カラ松が皆と一緒に寝なくなった理由は不眠症になってしまったからだとおそ松は考察する。一緒の布団で一人だけ起きていると彼の隣で眠る一松とトド松が気にして眠れなくなる。弟達に余計な心配を掛けたくないから、彼は怪我を理由にして別室で眠ることを希望したのだと思う。…多分。

――俺達のせいで大怪我してる癖になーに気を遣っているんだか。

兄である自分の前では弱い所をどんどん曝け出してしまえばいいのに。そしたら腕の中でいっぱい泣かせて甘やかしてやることも出来るのに。

甘え下手で困った次男だと苦笑しながらおそ松は頭を乱雑にかき、傷口や骨に響かない程度に彼の肩にゆっくり腕を回して再度明るく声をかける。

「カラ松ぅ〜」

「!?おそ松兄さん…!?なんで…」

触れられてようやくおそ松がそこに居たことに気付いたのかカラ松は目をぱちくりとさせ、どうして寝てないと言いたげな目線を送った。

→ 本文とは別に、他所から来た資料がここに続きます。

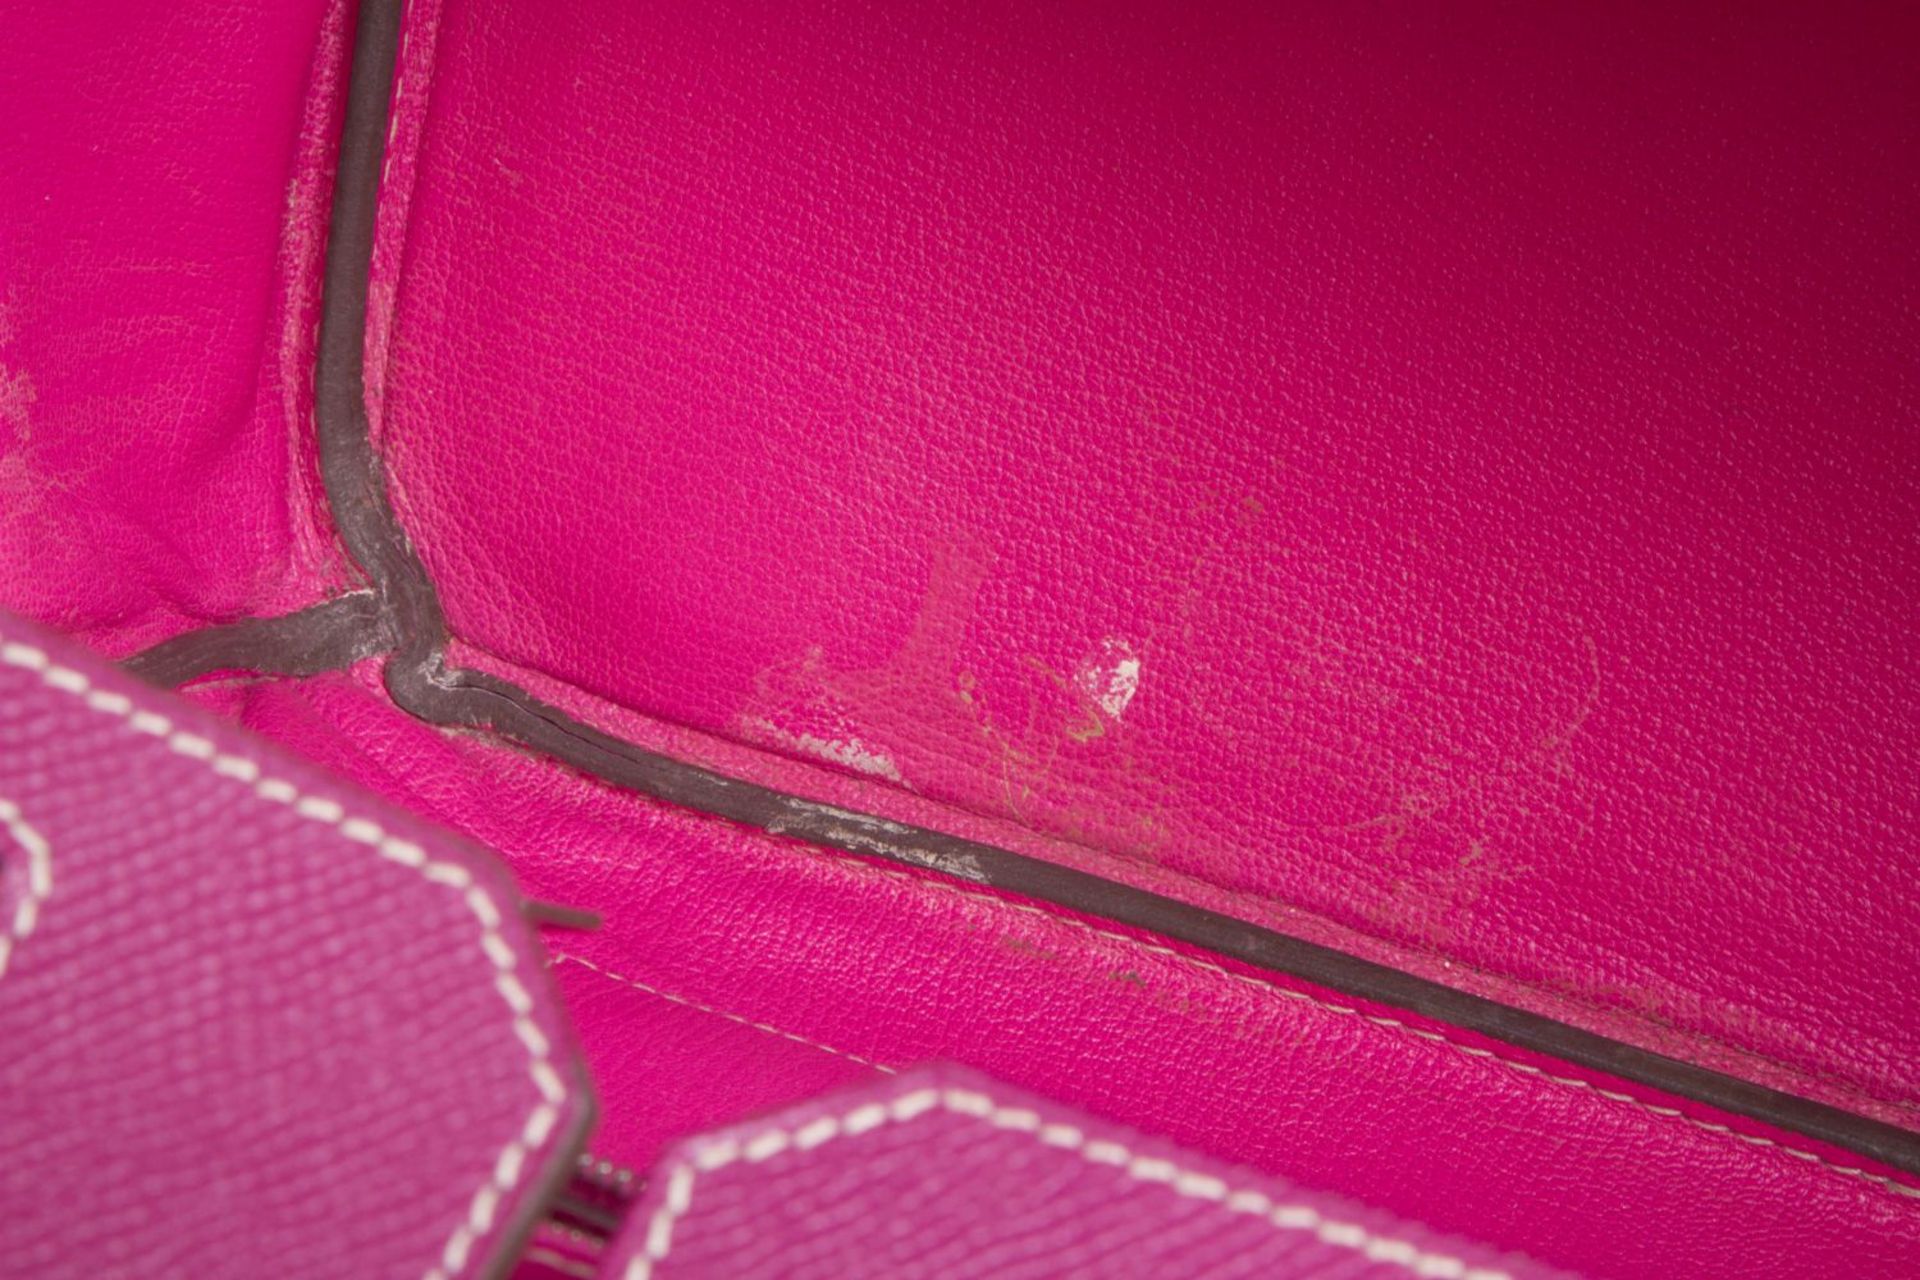 Hermès ''Birkin Bag 35'' Kalbsleder in Fuchsia mit weißer Naht. Beschläge mit Palladiumauflage. Trap - Bild 8 aus 10

「いやー、今日はお前と一緒に寝ようと思ってさー。なぁ隣に布団敷いていいか?」

「えっ……、あ、いや…」

一瞬カラ松の肩がビクリと拒んだがすぐ普段通りの厨二病の態度を演じ月夜をバックにフッと微笑む。

「すまない兄さん。今日の俺は孤独を愛する男なんだ。悪いが一人にさせてくれないか?」

「……」

予想はしていたが、案の定断りやがった。しかも相手がわざと苛つく言葉を選んで。だがおそ松には分かっている。それがカラ松の拒み方だと。厨二病を発揮させれば大概の人は自分から遠ざかる。そのことを彼は熟知してるからわざとそう演じるのだ。

だから…――。

「…駄目だ。一人にしたらお前また朝方まで起きてるだろ」

「……っ」

カラ松の拒絶をバッサリと却下し、彼の隣に腰を降ろし胡座をかく。自分の言葉に彼はあからさまに動揺を露にし、額から冷汗を流す。まさかこいつ、不眠症だということを隠し通しているつもりだったのか?

おそ松はずっと気になっていた不眠症の理由を聞こうと軽い調子で訪ねてみた。

「どした?最近眠れてないみたいだけど」

「…え?」

「傷や骨に痛んで眠れないのか?」

「えっ!?あ、ああ!そうなんだよ!流石の俺もこの傷の痛みには耐えられなくてなぁ。本当参ったもんだ。あはっ、ははははっ」

「嘘だな」

「はっ……」

誰がどう見ても嘘だと分かる。しかも今のは、仮にも元演劇部だというのに、あまりにもお粗末な演技だった。本当にこいつ演劇部だったのかなー?と疑問を抱きながら、固まるカラ松の頭をポンッと軽く手を置いた。

「相変わらず大根役者だなー。そんなんで俺に誤魔化しがきくとでも思ったのかよ」

「な、何言っているんだよおそ松兄さん。俺は本当に怪我で眠れなかっただけ…」

「だったらお前、なんで最近目を覚ました途端慌てて飛び起きる訳?」

「――……っ」

おそ松の疑問の言葉にカラ松の目は大きく見開いて、沈黙する。